Deputy Dudley-Owen says "too much of the political and public discussion has focused on buildings."

She says this "narrow focus ignores the substantial and highly significant changes being introduced' across the Secondary and Post 16 sector."

The ESC president details a range of areas where there have been successes.

These include the Secondary School Partnership, which allows each 11-18 school to keep its own identity while leaders work jointly to develop areas where all schools can improve. Senior leaders have visited schools in England to look at best practice.

New staffing structures are providing more support for students and reducing admin for teachers. The initiative also gives staff certainty over their future roles for the first time in a decade, she says.

Deputy Dudley-Owen says work to integrate the College of Further Education with the GTA University Centre and the Institute of Health and Social care Studies is progressing well.

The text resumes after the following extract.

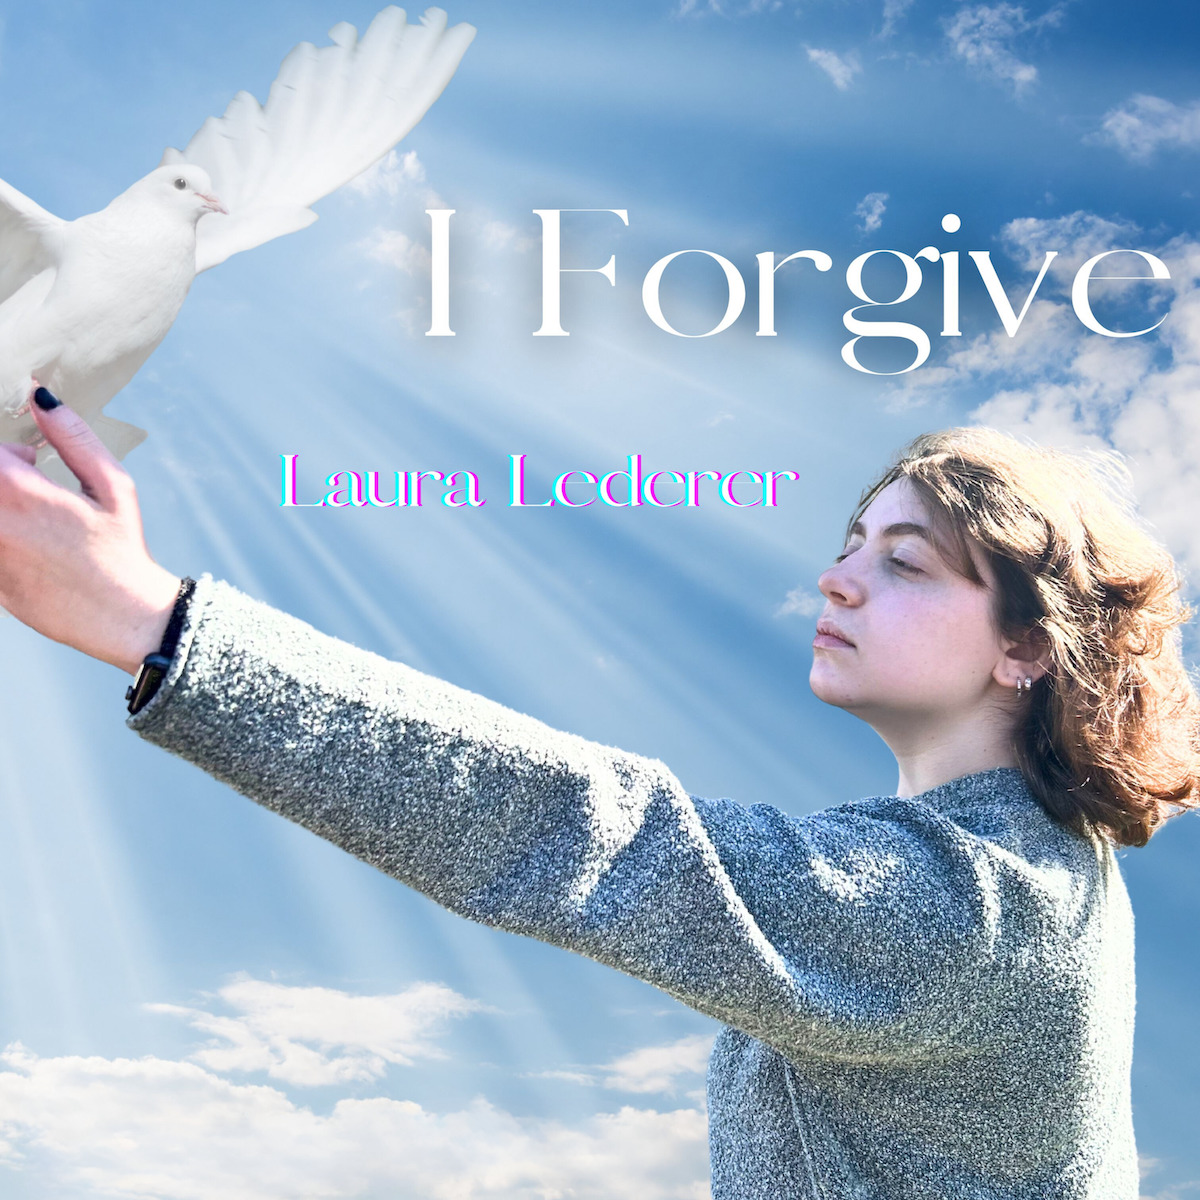 DEBUT SINGLE: “I Forgive” by Laura Lederer
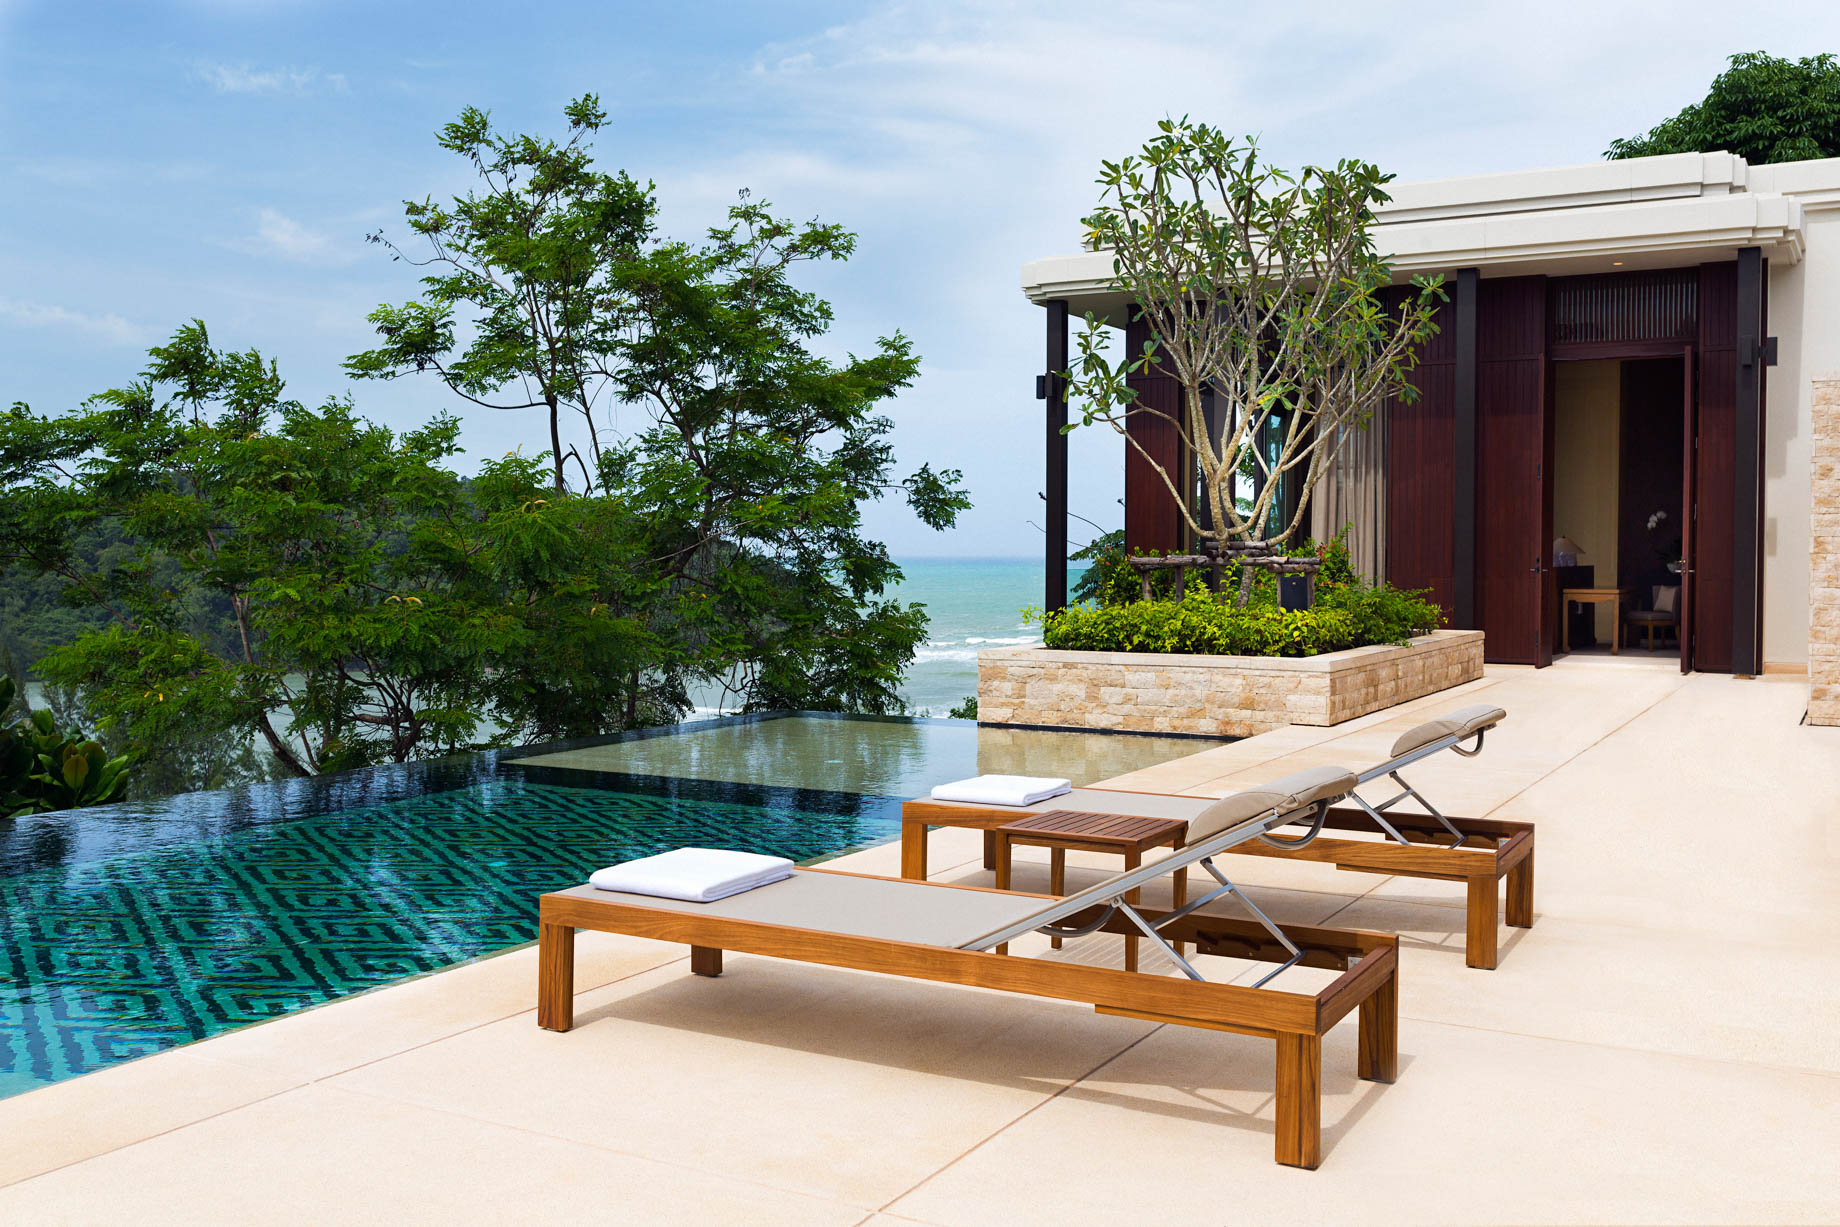 Anantara Layan Phuket Resort & Residences – Thailand – Residence Pool Deck Terrace

Staff and students will soon be working together as a design team on the creation of a new school on the existing Grammar site.

The digital transformation is underway, with improved connectivity across schools promised by the end of the year.

And, deputy Dudley-Owen says we can probably expect news on a builder for the new Les Ozouets campus next month. She says the committee has been talking with appropriately-sized firms in Guernsey, Jersey and the UK.

She says there's lots to celebrate:

"It is time that we changed the tone of the conversation around education in Guernsey and Alderney.

We owe it not only to our students but to our many staff to be far more celebratory of the many successes.

We must create a positive and constructive conversation, acknowledging where we need to do better, but doing so with support, warmth and due concern."

This week, the largest teaching union in Guernsey, the NASUWT, will ballot its members on industrial action over pay and workload.